When I was a kid my mom would say, “There but for the grace of God go I.” Living vicariously through all these amazing characters is what brought the saying to life for me. A failing memory won’t allow me to source this, but I was once in a conversation where someone compared life to a baseball game where some start out at home plate, swinging at pitches of various speeds and complexity, and others start at first, or second, or even third base– so much closer to scoring a run by birthright. To carry the metaphor further, some never even get a chance at bat.
Usually assholes think they are inherently better than others. Often, like me, they were born on a base. While books allow those starting at home plate to take a swing by opening doors through education, they also enable those of us lucky enough to have an “easier start” to glean insight and understanding about what’s going on in the dugout. What I’m saying is, books bring people closer. They spark compassion and are a catalyst for change.
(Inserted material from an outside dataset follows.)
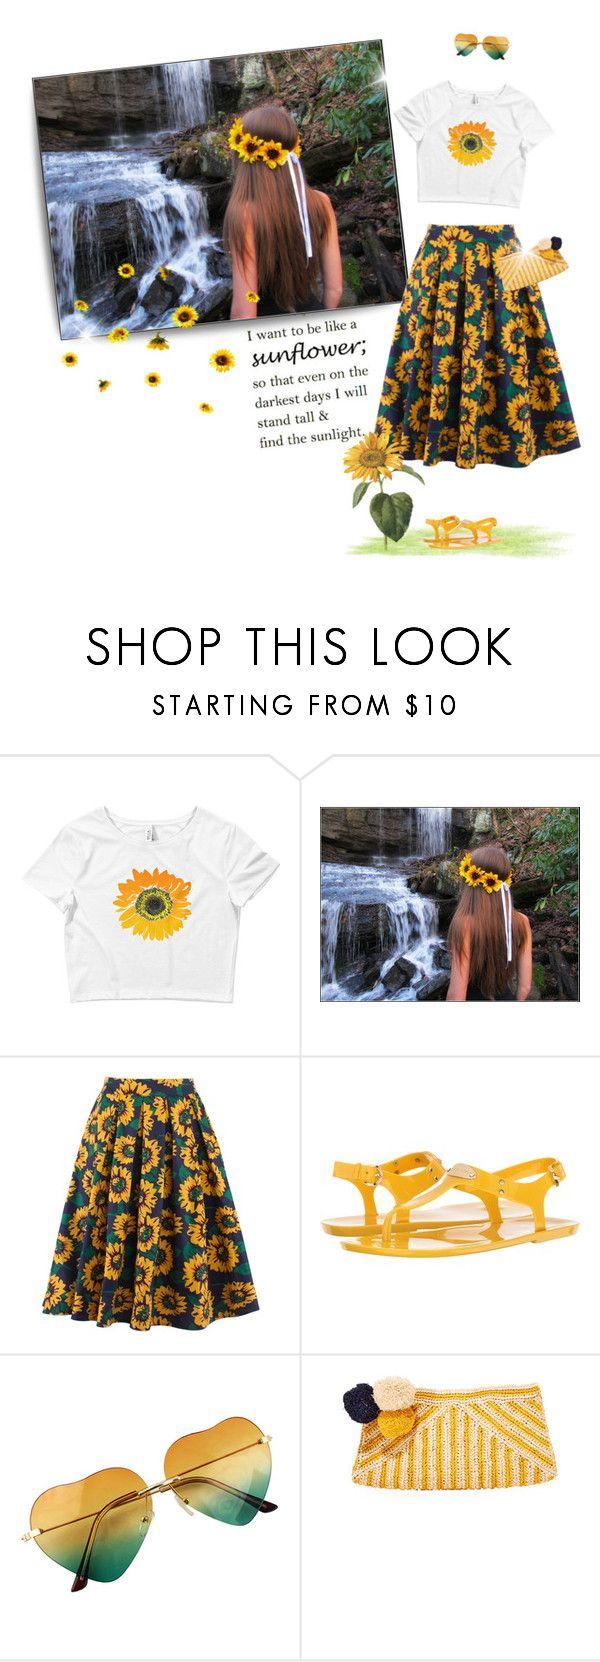 Sunflower Poem | Sunflower poem, Summer dresses, Fashion

For the past two weeks, my evening reading time has been hijacked by the Olympics. It struck me that this long standing tradition serves a similar purpose. Yes, there are doping scandals and rivals that can’t use the word “healthy” as a descriptor (much like there are books that are absolute garbage), but largely it’s an event watched in great awe of the boundary-less talent and determination that exists in this world. The looks on the faces of the victors during medal ceremonies brings me to tears EVERY TIME, regardless of country of origin. You can see– right there on their faces– the effort and sacrifices that preceded the medal around their neck. There’s a moment, when I lock eyes with theirs, that I feel like I’m reading their story.
Confession: I realize that I’ve failed to fully connect these two thoughts and wrap this post up with a tidy bow, but I’m mighty tired. So, in summary, yay! books and the Olympics, boo assholes. Goodnight.